Since launching An Sionnach Fionn I’ve written relatively little on the scandalous record of the Roman Catholic Church and the state in Ireland in relation to the abuse and exploitation of children and the vulnerable in the care of both from the 1920s to the 1990s (and later). The horrific stories have been covered adequately by the major media outlets in the country and there is little one can say beyond repeated expressions of outrage and disgust. If one sought a reason for one’s revolutionary republican beliefs the incestuous abuse of authority and influence, the negation of legal and civil rights for ordinary citizens that arose from the axis of power between Church and State would be enough to sustain any amount of radicalism. The winners of Ireland’s Civil War were the ones who laid the groundwork for what befell the Irish people in the decades that followed. We lived under the dark shadow of Cosgrave and McQuaid rather than in the bright light of Mac Piarais and Ó Conghaile; the theocratic Irish Free State of 1921 instead of the pluralist Irish Republic of 1916.
Did someone say an unfinished revolution?
In any case like much else the north-east of Ireland and the tattered remnant of the British colony that formerly exercised rule over all of our island home was in some ways simply a mirror image of the greater Irish nation, albeit retaining the extremes of colonial-era racism and sectarianism that the rest of the country slowly divested itself of (almost…). Under the one-party authoritarian regime at Stormont over a third of the population lived as second-class citizens with second-class rights, rights defined by nationality and religion. As with the Dublin government, regardless of party or background, the princes of the Church made allies where they could, supping from long spoons with devils of whatever hue or creed. That is illustrated by this searing report from Al Jazeera on the still hidden scandal of institutional abuse involving the Roman Catholic Church and the Unionist regime in Belfast that blighted the lives of Irish citizens of both communities in the north-east of our country for decades.

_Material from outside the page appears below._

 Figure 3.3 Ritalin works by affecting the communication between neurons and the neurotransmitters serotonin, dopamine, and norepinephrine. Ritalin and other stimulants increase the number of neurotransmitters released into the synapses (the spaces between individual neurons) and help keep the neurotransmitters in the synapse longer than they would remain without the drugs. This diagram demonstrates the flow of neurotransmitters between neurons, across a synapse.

“Sitting opposite me in a hotel room in the town where she was brought up, Katie Walmsley quietly described her childhood. Her parents were splitting up, a priest suggested to her dad that the best place for her would be a children’s home for girls. The nuns would keep her safe and well.

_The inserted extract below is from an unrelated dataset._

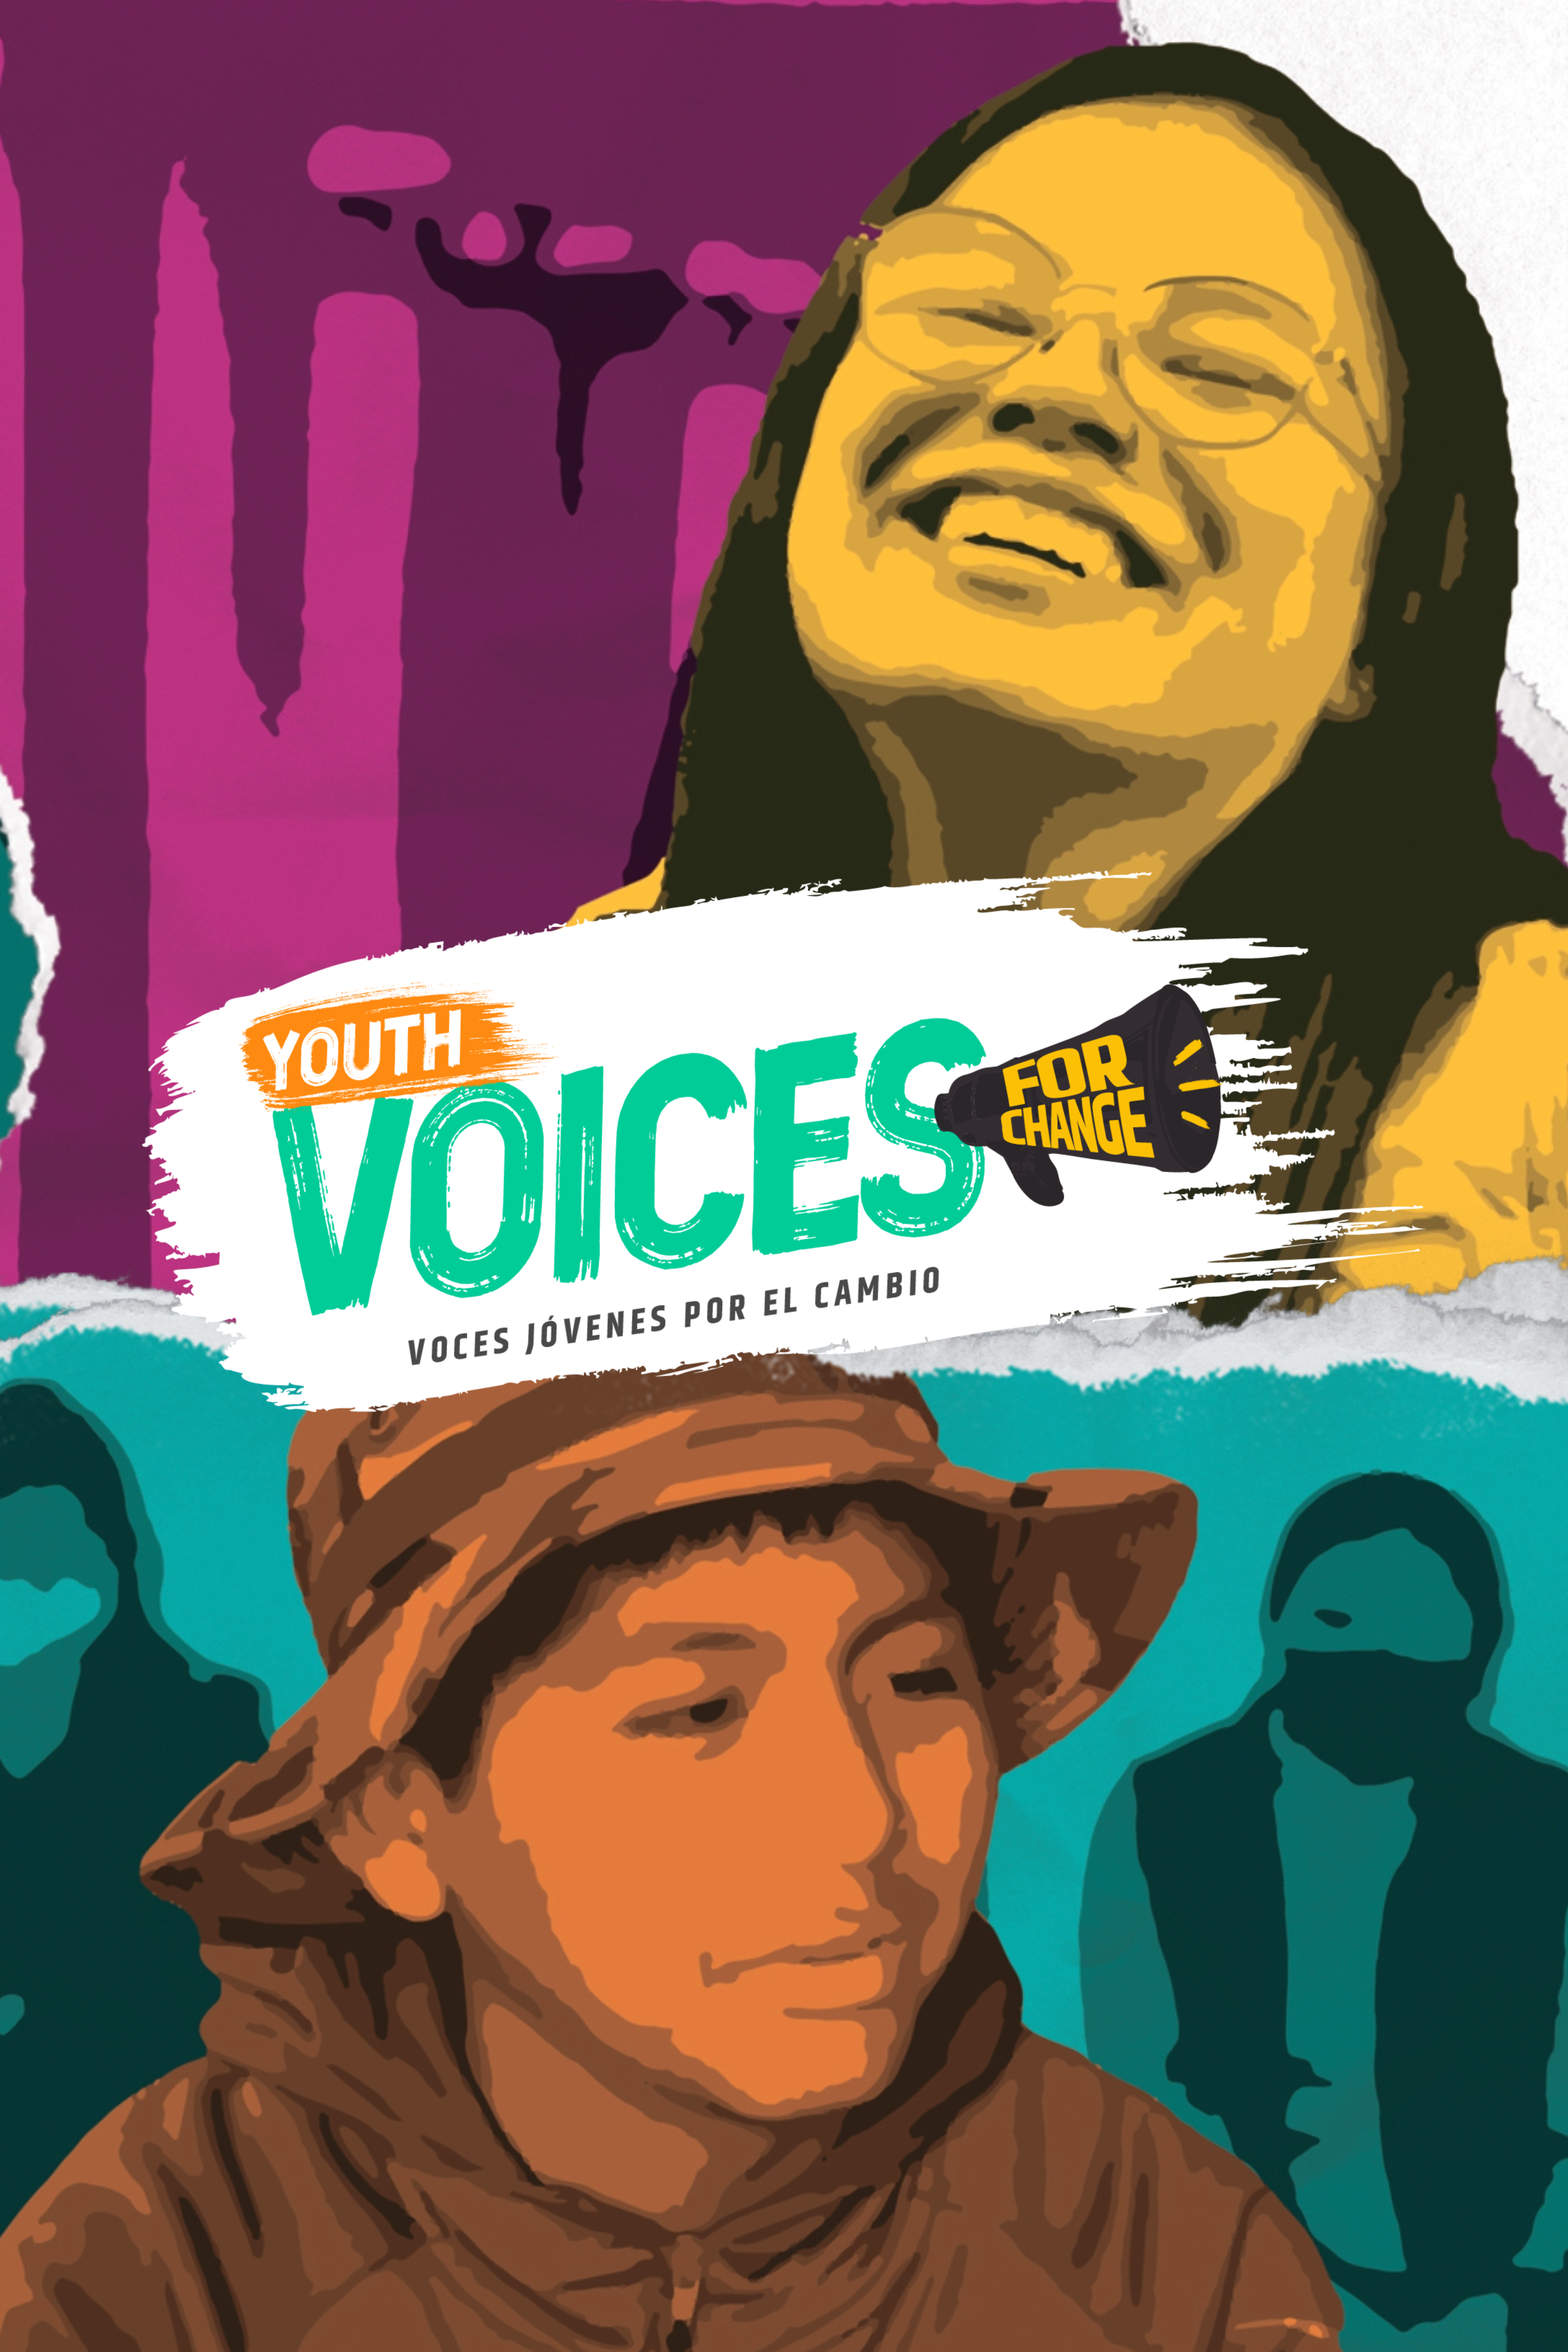 Youth Voices for Change Bolivia

“I held on to my daddy’s trousers,” at the door of the big, imposing building, she said. The nuns pulled her in, and within ten minutes she was sitting with her sister in a bath mixed with jeyes fluid (a toxic industrial detergent people normally use nowadays to get congealed fat out of drains).

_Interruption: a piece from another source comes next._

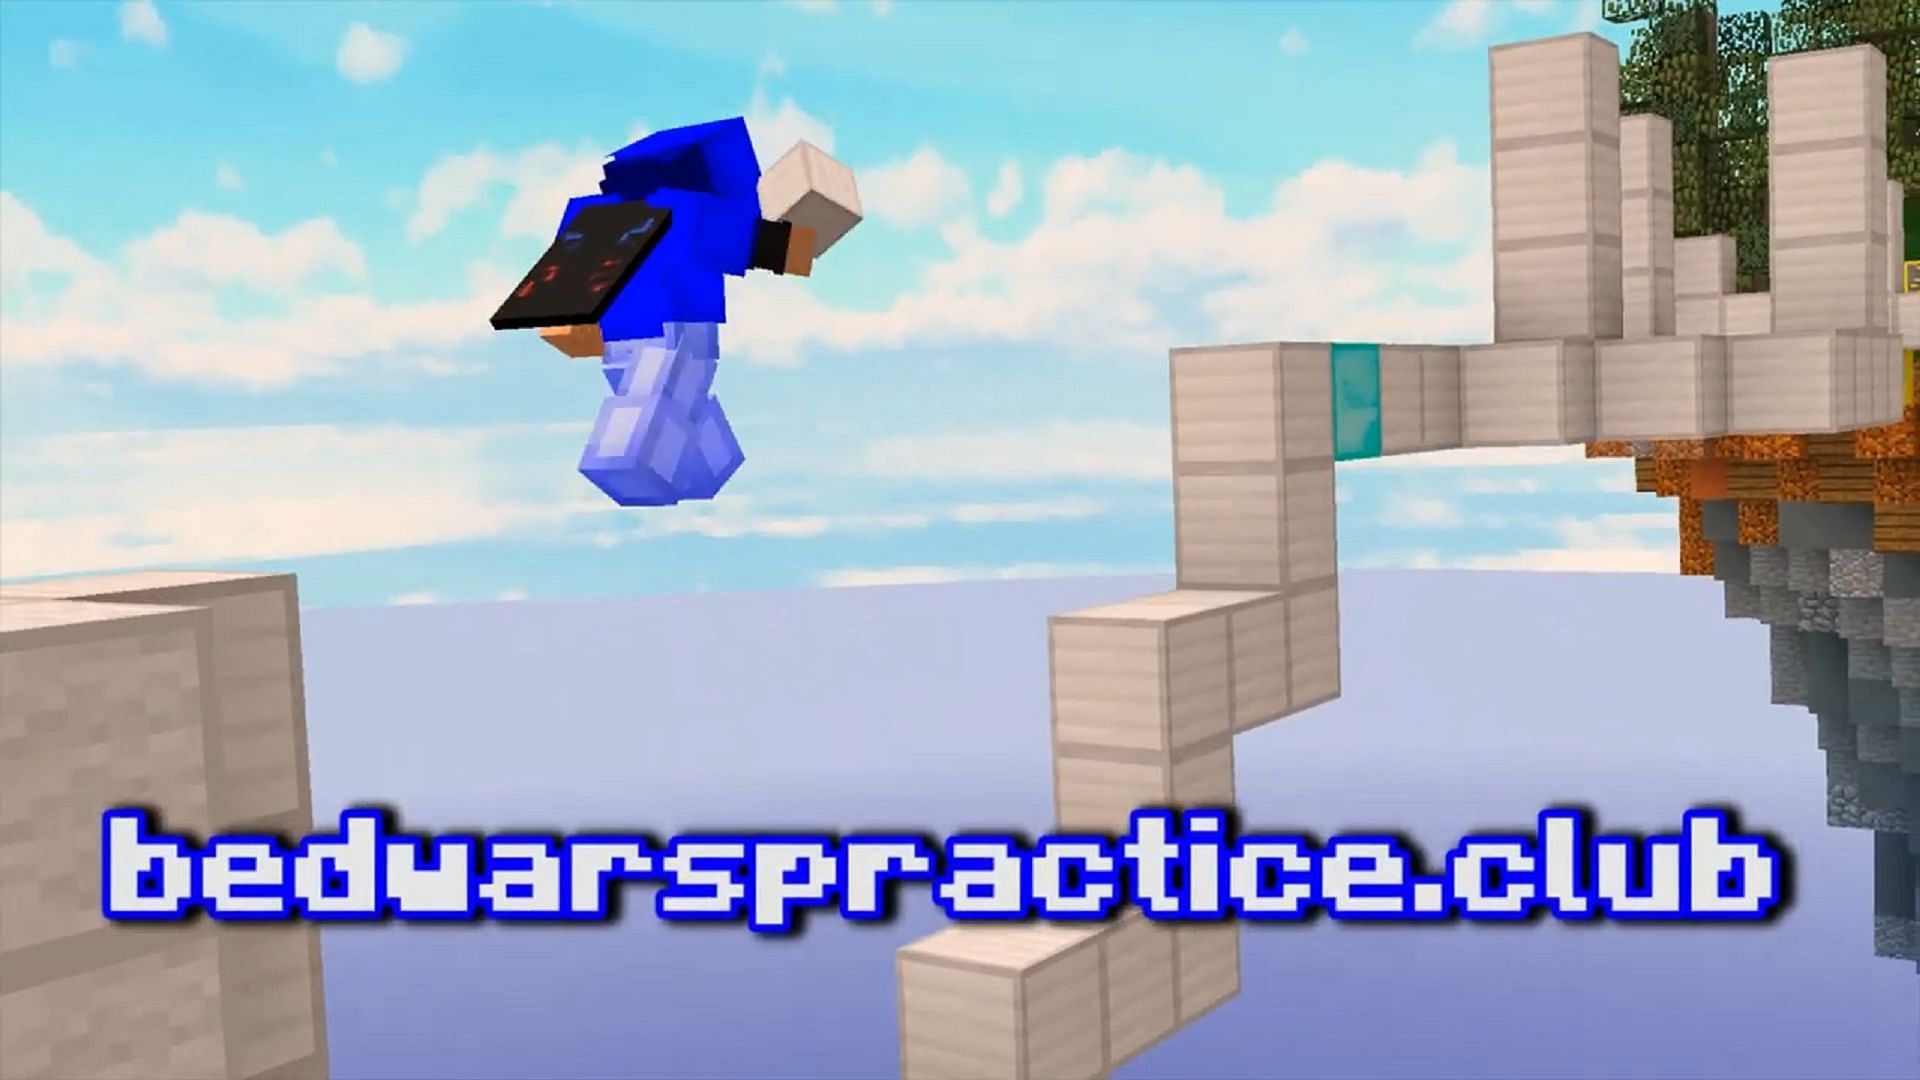 BedWars Practice Club is perfect for fans who want to kick back and train (Image via KaZPro/YouTube)

Katie will give evidence to Britain’s biggest ever inquiry into systematic abuse next week. She will tell the inquiry what she told us here; that the congealed pig fat – slops, she called it – was scooped up in a tablespoon by the nun when she vomited it up and she was forced to eat it again.
That the nuns made her clean the excrement from toilet bowls with her bare hands, and pick bits off the walls with her fingernails.
That the priest told her she didn’t need to pray because she had been good in God’s eyes. Instead he “took me round the back”, made her go down on her knees between his legs and by the time she was 12 he had done worse still to her.
Our conversation took place in Derry, to use the name Katie and other Catholics have for it.
How could nobody know?
Jon McCourt, now a peace campaigner but who was himself a ‘home boy’, abused in the town’s boys’ home, is adamant the authorities knew and didn’t want to act.
At the time, he explained, housing policy in Derry/Londonderry was linked to having a vote.
The more Catholics who got state housing, the more votes they would have, and that could have upset the political balance of power in the town. The more boys and girls in homes for years and years, the fewer houses needed for Catholic families.
Well-known journalist Eamon McCann goes further. He believes the Catholic Church was only too keen to work with the Protestant political leadership to take poor kids off the streets and put them in homes.
Why? Because it kept them off the streets, away from the hands of Republican dissidents, and out of sight.
…here in divided Derry/Londonderry, what’s emerging isn’t only a story of shocking abuse. It’s the allegation of the Catholic Church taking children in a way which suited perfectly the interests of the pro-British, Protestant political elite which is so outrageous and tragic.”
The failure of the post-partition states north and south is the failure to implement the ideals of the Irish Revolution. An Ireland divided will always be, economically, socially and culturally, an Ireland broken.